Les algorithmes d'intelligence artificielle générative permettent
de produire des dizaines de milliers de messages quotidiens, pour
un coût beaucoup plus faible qu'une “ferme à trolls” basée sur des
rédacteurs humains. Il est vrai que les messages peuvent être
imparfaits ou hors de propos, mais ils sont bien suffisants pour
faire illusion sur des réseaux sociaux où les contributeurs
humains s'injurient et se répondent de façon stéréotypée, sans
réfléchir et sans lire les messages auxquels ils répondent.
Pour autant que le propriétaire du réseau social n'ait pas mis de
système permettant de filtrer les robots, les messages seront
publiés et vont submerger les messages rédigés par de vrais
contributeurs. Lorsque des sites internets installent des systèmes
du type "vérifiez que vous êtes humains", et pour autant qu'une
machine ne sache pas résoudre le problème, il suffit d'un humain
pour répondre à la vérification et permettre à la machine de
publier des centaines de messages.
Ce qui est vrai sur les réseaux sociaux l'est également sur les
sites internet: il devient très facile de mettre en ligne des
centaines de sites web, dans toutes les langues du monde ou
presque, ressemblant à des sites d'information, de réflexion, de
recherche, ou de simples citoyens, et diffusant les informations
que l'on souhaite. Pour rendre le mensonge plus crédible car
semblant provenir d'une “personne normale”, ces sites peuvent être
agrémentés d'une masse de banalités générées à partir de thèmes
populaires (telles que des informations générales, des conseils de
santé, des récits de voyage, ou des photos d'animaux). De telles
manipulations se faisaient déjà avant l'IA générative (comme le
réseau russe Portal Kombat, révélé en 2023 par VIGINUM),
mais l'IA permet de multiplier de telles attaques avec beaucoup
plus d'efficacité et de crédibilité.
Les faussaires sont aussi anciens que l'écriture, car on ne peut
jamais être totalement sûr de l'auteur d'un texte ou de
l'exactitude de son contenu. Les techniques d'authentification
évoluent, et les techniques de tromperie également.
La perfection technique ou le coût de la réalisation ne procure
qu'une confiance relative: dans l'Antiquité, un texte gravé sur
une grande dalle de marbre atteste que l'auteur a certains moyens,
mais un royaume ennemi peut aisément produire une version
falsifiée.
Depuis toujours, on a authentifié des documents en les signant ou en y apposant un sceau (empreinte dans l'argile, la cire, le plomb, ou avec de l'encre). Depuis toujours, il y a des signatures imitées, des sceaux en cire délicatement ouverts avec une aiguille chauffée, des empreintes reproduites, etc. Mais l'arrivée d'outils modernes a rendu ces solutions totalement vaines: on peut recopier n'importe quelle signature, reproduire fidèlement n'importe quel sceau grâce à l'usinage à commande numérique, ce n'est qu'une question de moyens et surtout de compétences.

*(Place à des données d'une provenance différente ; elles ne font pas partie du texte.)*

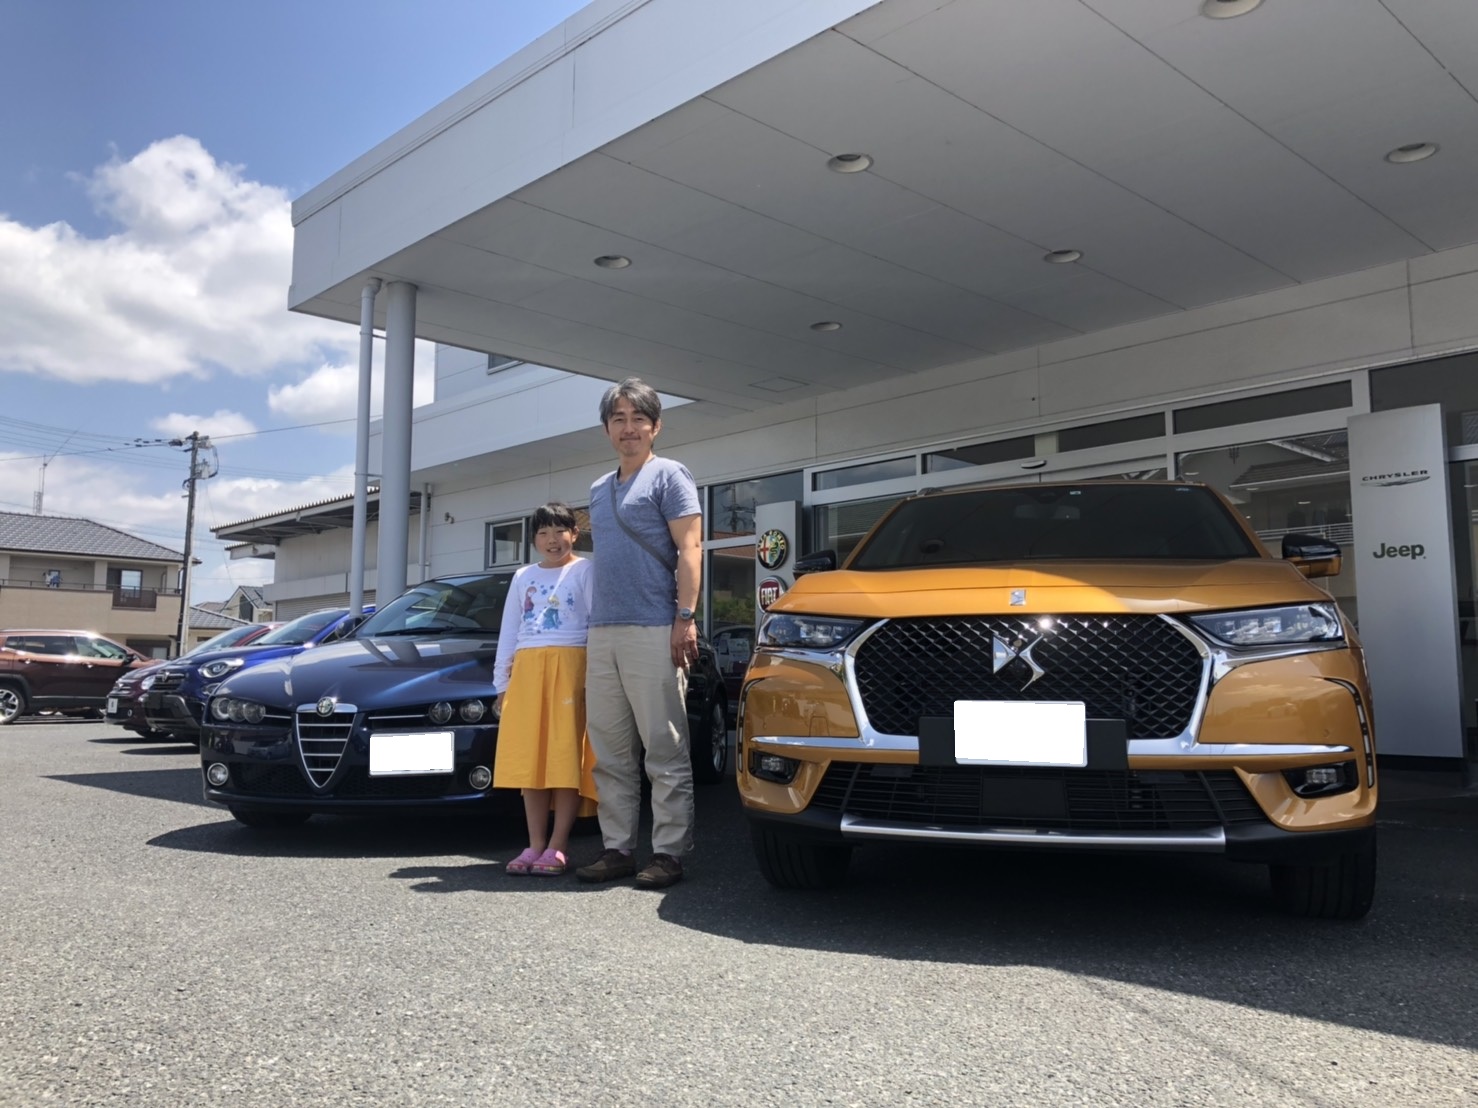 DS7 CROSSBACK ご納車in熊本！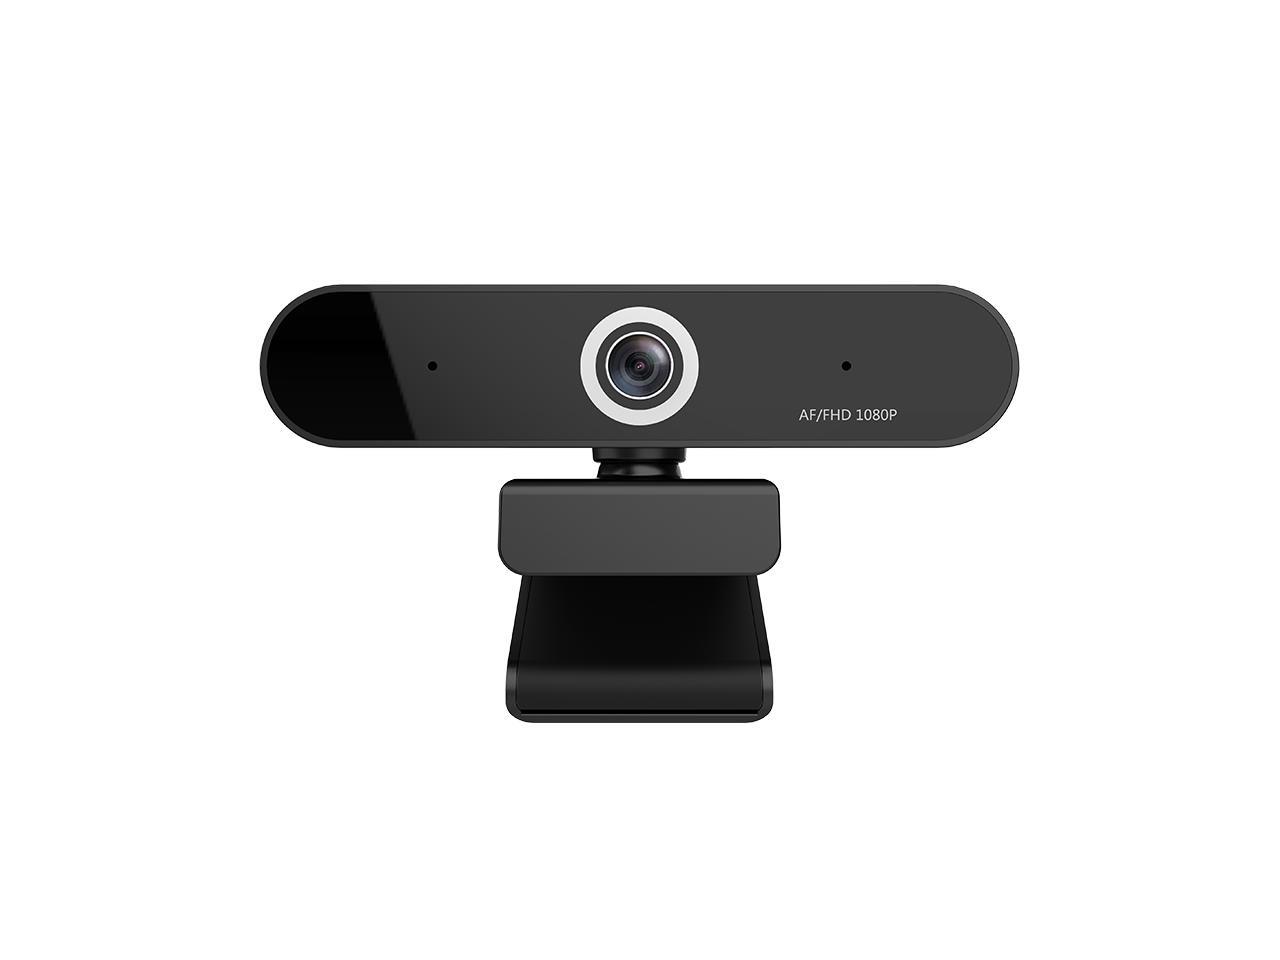 HD Auto Focus Camera 5 Megapixel 1080P Video Call Available Pro Streaming Web Camera with Microphone Widescreen USB Computer Camera for PC Mac Laptop Desktop Video Calling Conferencing Recording

Au cours du XXe siècle, même un texte dont on ignore l'auteur a pu être jugé crédible, lorsqu'il est accompagné de preuves telles que des photos, ou des enregistrements sonores puis vidéo. Cette crédibilité a disparu, avant même l'arrivée de l'IA générative, à cause des outils numériques. La retouche photo est désormais faciles (avec des logiciels tels que Photoshop), une photo ne prouve plus rien, à moins qu'on connaisse son origine. Les logiciels de manipulation sonore et de montage vidéo ont fait de même pour les sons et les vidéos. De plus, la disponibilité de grandes bases de données de contenus permet d'illustrer un mensonge à propos d'un conflit avec une photo ou une vidéo issue d'un tout autre conflit. Avec ces outils, la qualité n'est certes pas toujours parfaite, mais elle peut être diffusée en qualité volontairement médiocre, feignant d'avoir été enregistrée par une “vraie personne” avec son smartphone (on trouve ainsi de fausses émissions de télévision, soi-disant capturées par un smartphone sur l'écran de la télé).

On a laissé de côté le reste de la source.